◆ TASK DETAILS ◆
Below are the records; repeat exactly their lines between the line holding "Danfoss MCP6H High" and the line holding "Strick-Kissenhülle Christmas mit", inclusive, skipping the pictures.

◆ INPUT MATERIAL ◆
———
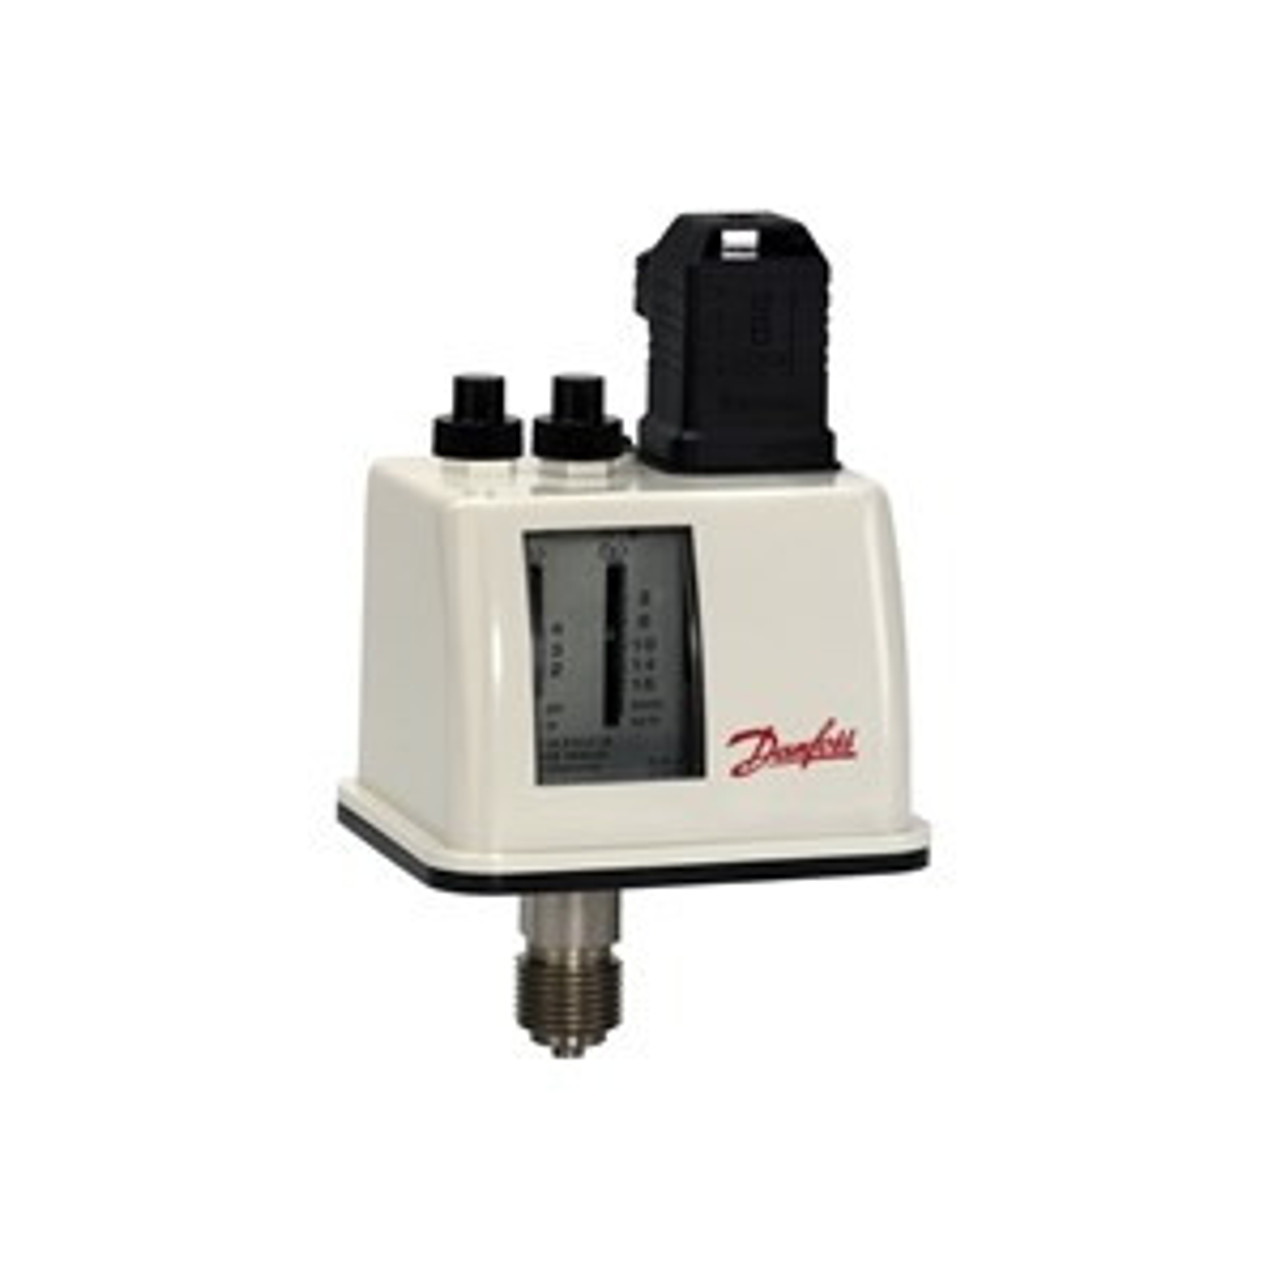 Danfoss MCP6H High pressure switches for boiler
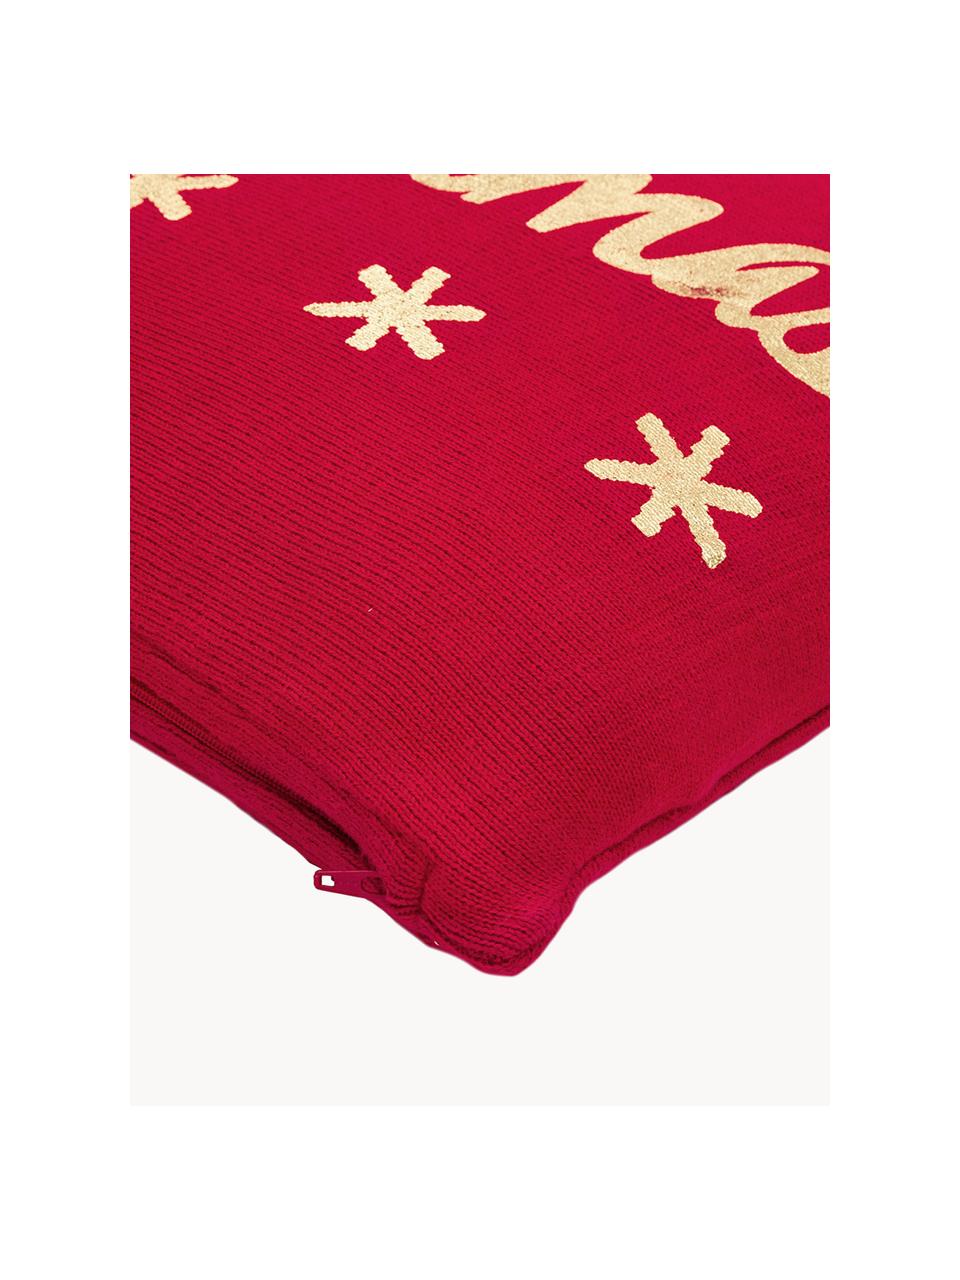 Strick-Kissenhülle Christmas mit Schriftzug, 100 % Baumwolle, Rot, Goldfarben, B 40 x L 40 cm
———
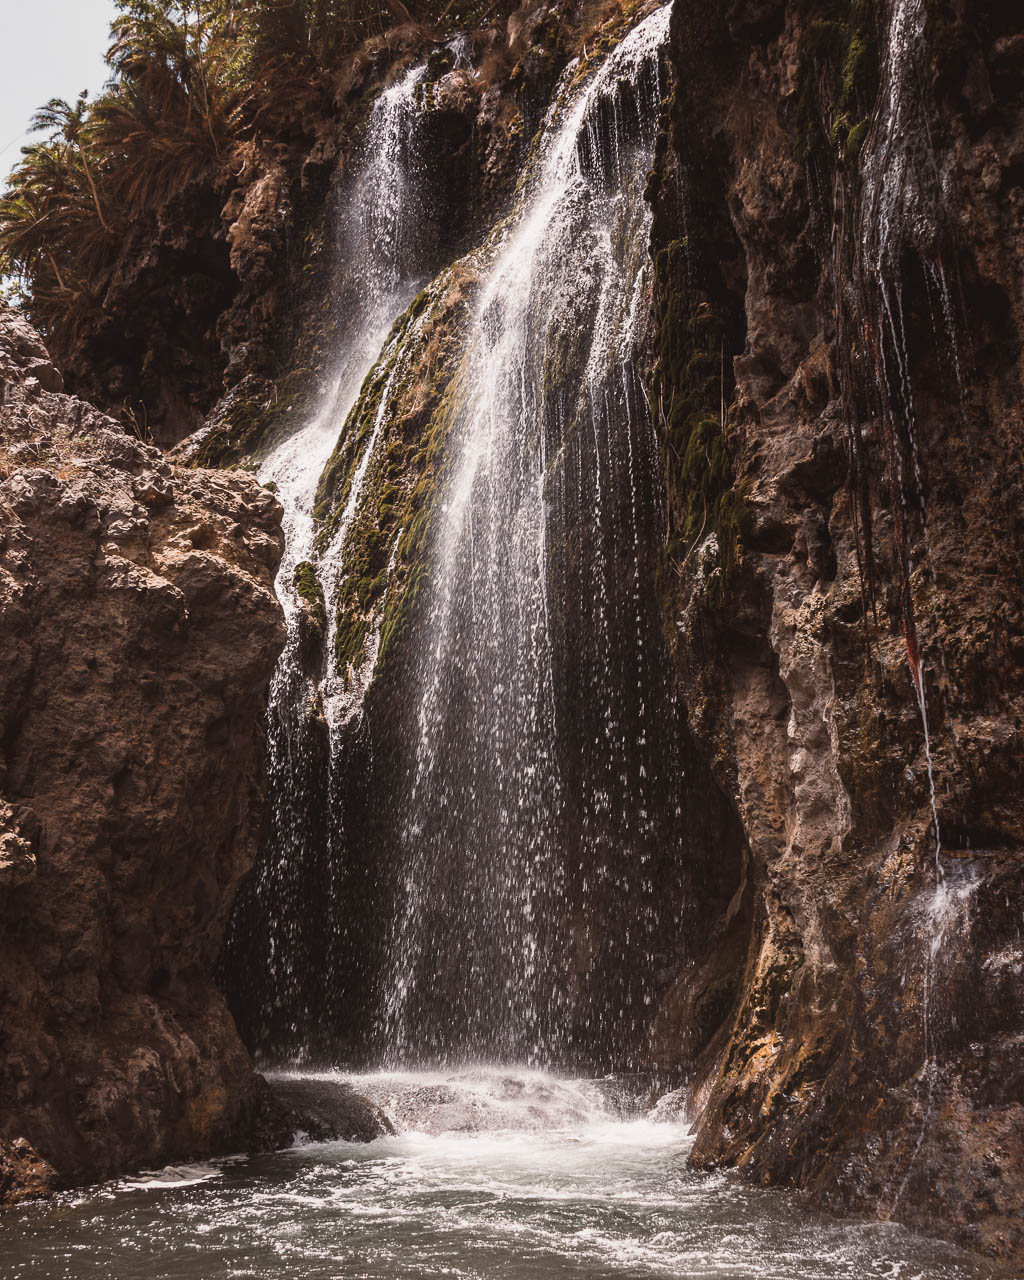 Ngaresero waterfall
———
◆ TASK RESULT ◆
 Danfoss MCP6H High pressure switches for boiler
 Strick-Kissenhülle Christmas mit Schriftzug, 100 % Baumwolle, Rot, Goldfarben, B 40 x L 40 cm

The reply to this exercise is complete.